I rose from the couch and poured myself a glass of ginger ale from the kitchen, the cool, sweet drink a welcome relief from the temperature inside the apartment.
I excused myself to use the bathroom and to splash cold water on my face. 
"Make sure you turn on the bathroom light,” Auntie Esther warned me. I groaned.
“No, I’m going to sit here in the dark,” I muttered to myself.
As I fished around for the end of the roll of toilet paper, I noted that my aunt washed her clothes by hand in an enamel bathtub, the water emerging from a circular hairbrush style faucet suspended from a ceiling pipe. It looked like a set from an early silent movie. The apartment hadn’t been painted in at least fifteen years but since Auntie Esther didn’t wear her eyeglasses, it all looked in mint condition to her. 
             Opening the bathroom door when I had finished, I found her staring at the door as I made my exit. 
“Make sure you turn off the light,” she told me. I groaned and turned off the light.
Auntie Esther looked at me.  “You’re getting old,” she sniffed.
“So are you,” I replied.
            I looked at my watch.
            “Auntie Esther, I just checked in to see how you’re doing. I want to know that you’re all right. But I can’t stay,” I told her.
           “WHAT?” she shouted.
           “I CAN’T STAY!”
           “Why?  Do you have a date?” she inquired with a chuckle.  “Get one for me.”
           “I HAVE TO GO! I have work to do at home. I’ll see you next week,” I said, grabbing my pocketbook and moving the police lock to scramble out.

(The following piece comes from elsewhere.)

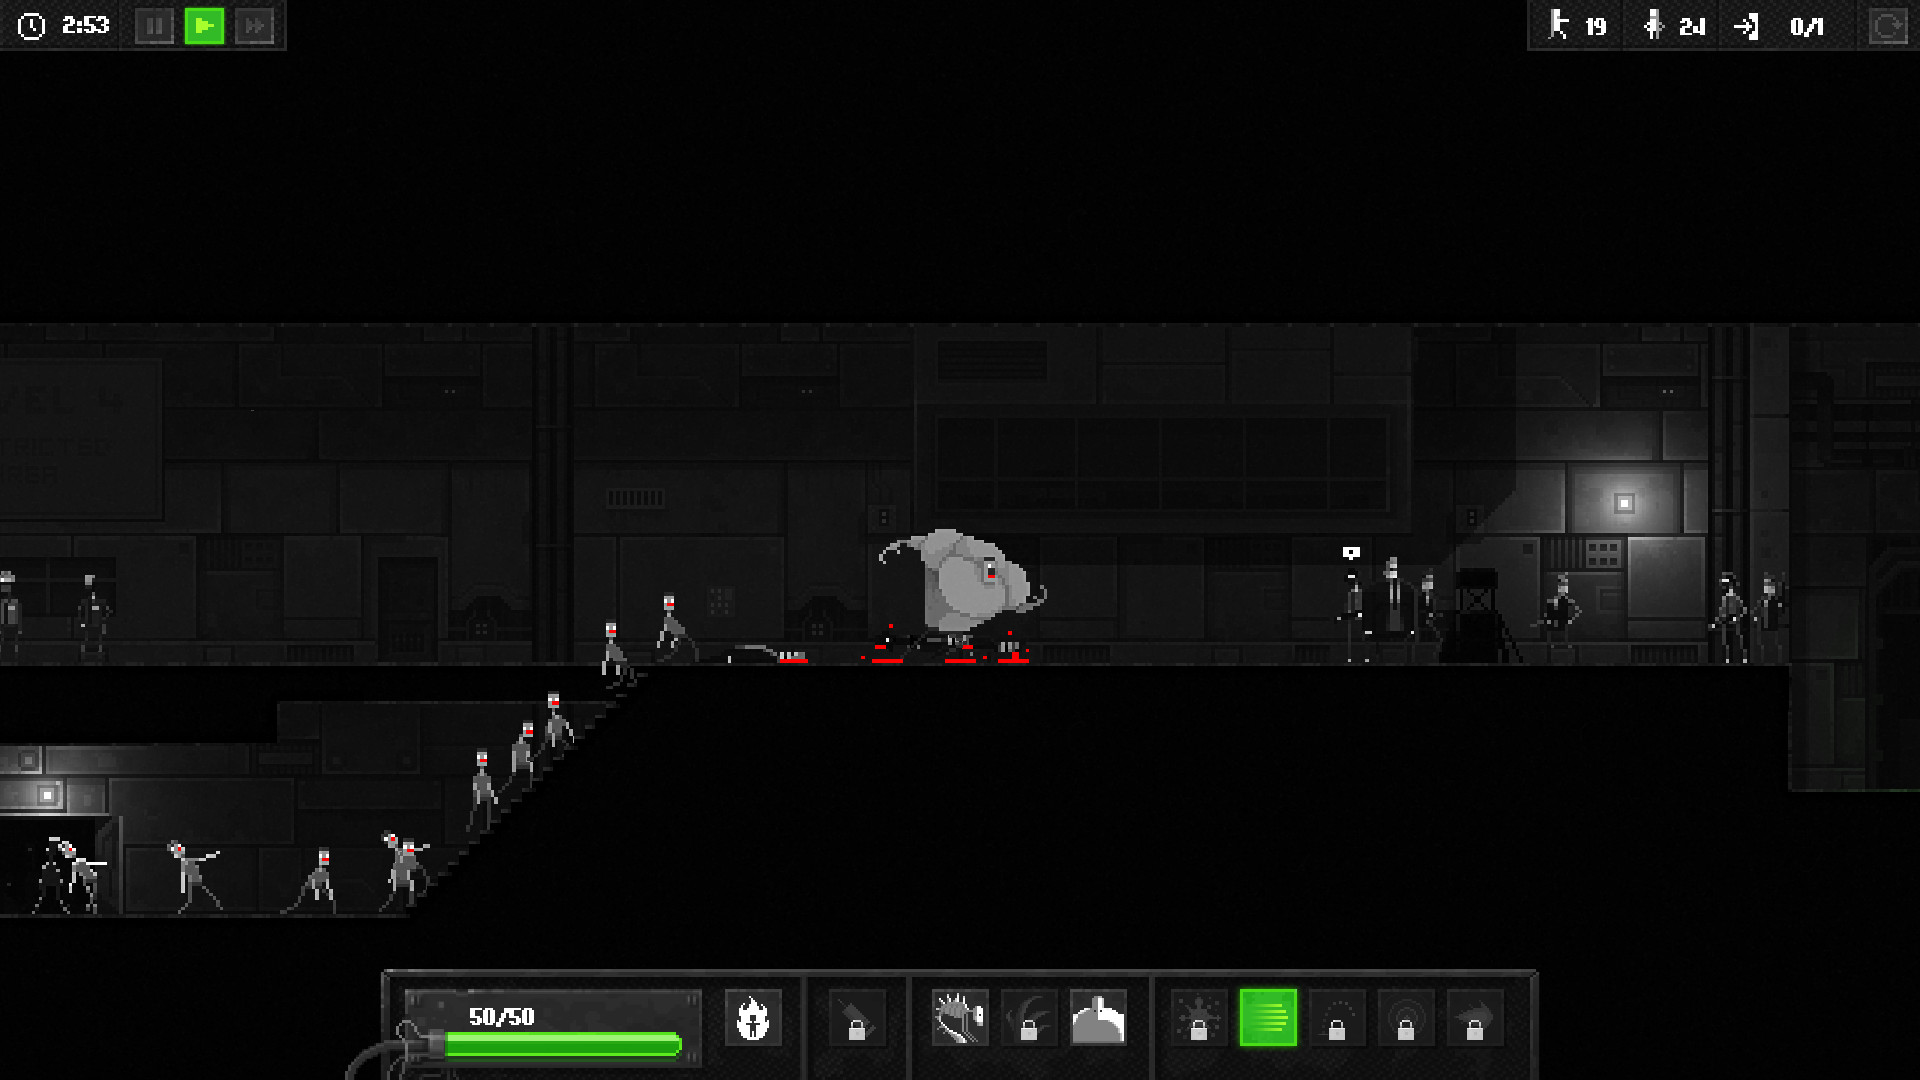 Zombie Night Terror on Steam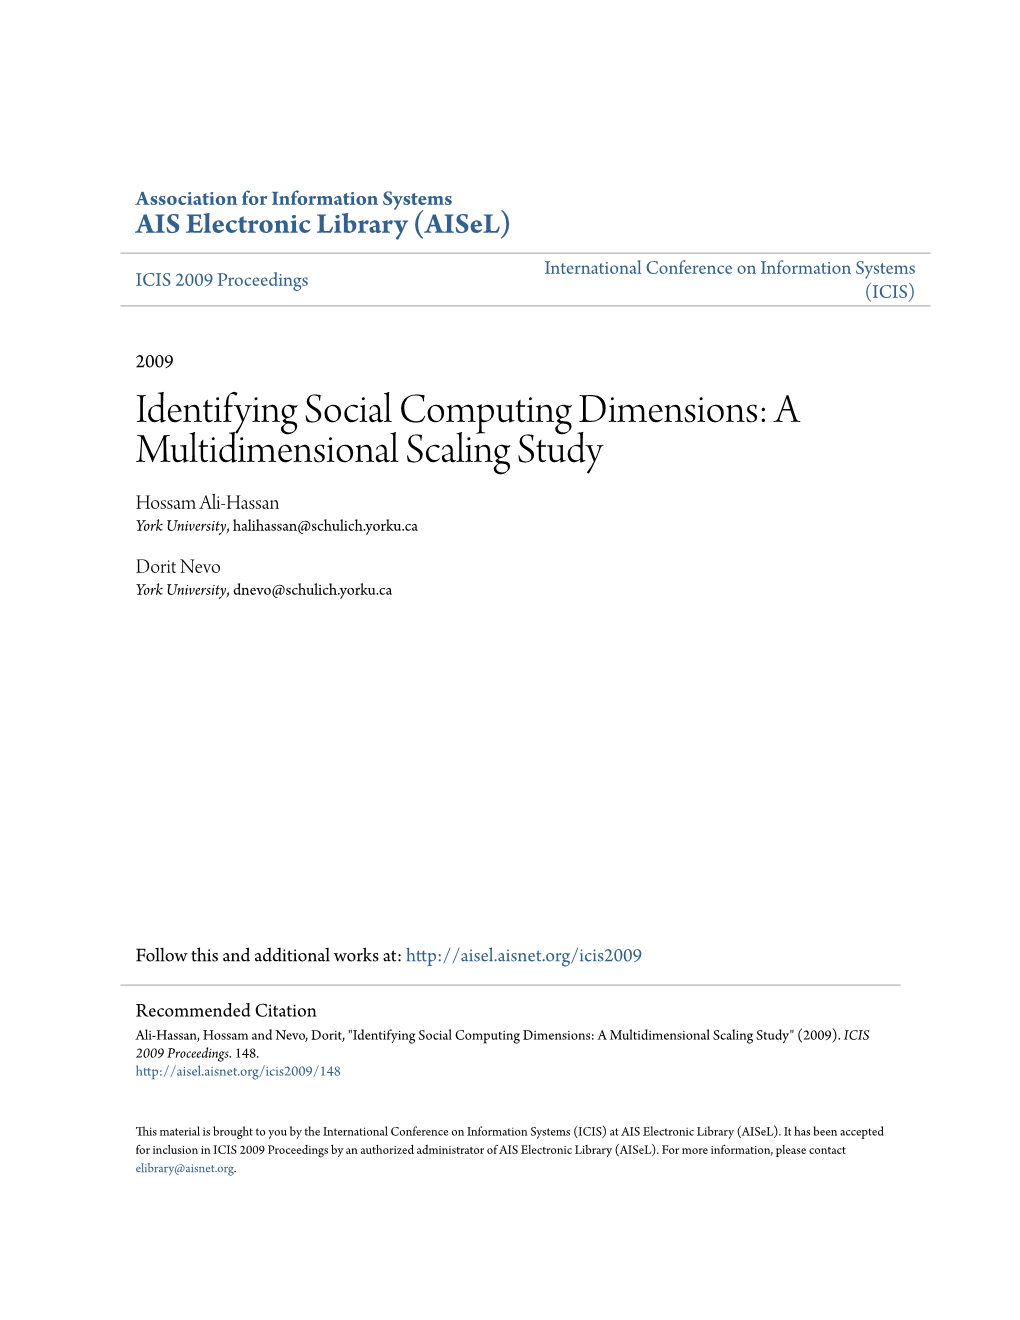 Identifying Social Computing Dimensions: a Multidimensional Scaling Study Hossam Ali-Hassan York University, Halihassan@Schulich.Yorku.Ca

           As soon as I turned the key in the lock of my apartment door, the telephone rang. The answering machine turned on before I could reach the phone.
         “Cough, cough.  Hello (pause) Arlene. This is her Aunt Esther. Tell her to call me when she gets home. Did you hear me?  Okay? Thank you.”
          When she died, over 10 years ago, I wished I had saved the tape from the answering machine so I could hear her voice again.